Jahrelanger Prozess in München gegen Beate Zschäpe
Manch offene Frage konnte aber auch im Prozess gegen die NSU-Komplizin Beate Zschäpe nicht ausgeräumt werden. Zschäpe hatte nach dem Brand des Wohnmobils die gemeinsame Wohnung von ihr, Böhnhardt und Mundlos in Zwickau (Sachsen) angezündet und sich kurze Zeit später in Jena gestellt.
Fünf Jahre lang wurde vor dem Münchner Oberlandesgericht gegen sie verhandelt, seit Kurzem ist das Urteil rechtskräftig. Zschäpe sagte aus, ihre NSU-Mitbewohner Mundlos und Böhnhardt hätten den Anschlag auf die Heilbronner Polizistin Kiesewetter und ihren Kollegen allein verübt. Einziger Grund für die Tat: Polizeiwaffen zu erbeuten, die zuverlässiger seien als die eigenen. Kritische Stimmen hegen auch heute noch Zweifel daran.
Gab es weitere Helfer des NSU-Netzwerks?
Vor allem ist es kaum zu glauben, dass das Trio bei den Morden keine Helfer und Hinweisgeber hatte. Helfer wurden jedoch nie ermittelt. Polizei und Staatsanwaltschaft suchten bei den Opfern meist zuerst im eigenen Umfeld nach den Tätern - oder jagten, wie in Heilbronn, einem Phantom hinterher.
Zwar wurden von der Bundesanwaltschaft weitere Ermittlungen gegen mutmaßliche NSU-Unterstützer eingeleitet, Anklagen gab es aber keine.
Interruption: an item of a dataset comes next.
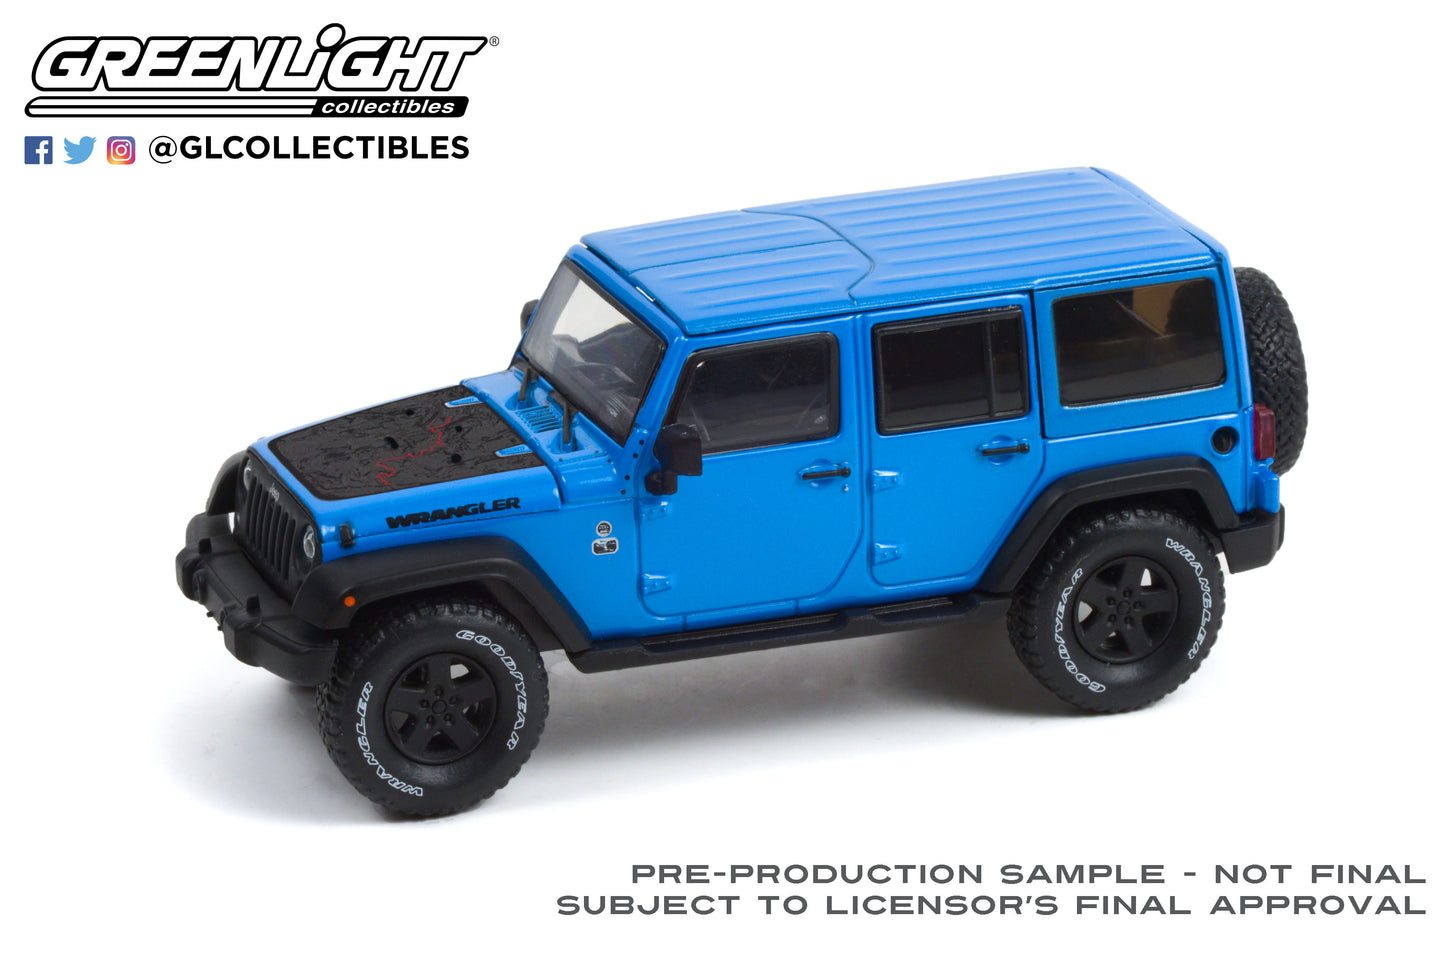 GreenLight 1:43 2016 Jeep Wrangler Unlimited Black Bear Edition - Jeep Official Badge of Honor - Black Bear Pass, Telluride, Colorado - Hydro Blue Pearl 86198

Lediglich der engste Kreis des Netzwerks musste sich vor Gericht verantworten: Im Mai 2013 begann unter höchsten Sicherheitsvorkehrungen in München der Prozess, der auf weltweites Medieninteresse stieß: Beate Zschäpe und vier Mitangeklagte standen vor Gericht. Im Juli 2018 wurde Zschäpe zu lebenslanger Haft verurteilt - unter anderem für zehnfachen Mord und der Mitgliedschaft in einer terroristischen Vereinigung. Die anderen Angeklagten erhielten mehrjährige Haftstrafen.
Auch Untersuchungsausschüsse im Thüringer Landtag beschäftigten sich unter anderem mit der rechten Szene in Jena. Die wichtige Frage nach dem Unterstützernetzwerk wurde dort ebenso behandelt. Der Ausschuss kam zur Feststellung, dass es "ein Netzwerk gegeben hat, das größer ist als das, was vor Gericht stand", so damals Obfrau Katharina König-Preuss (Linke).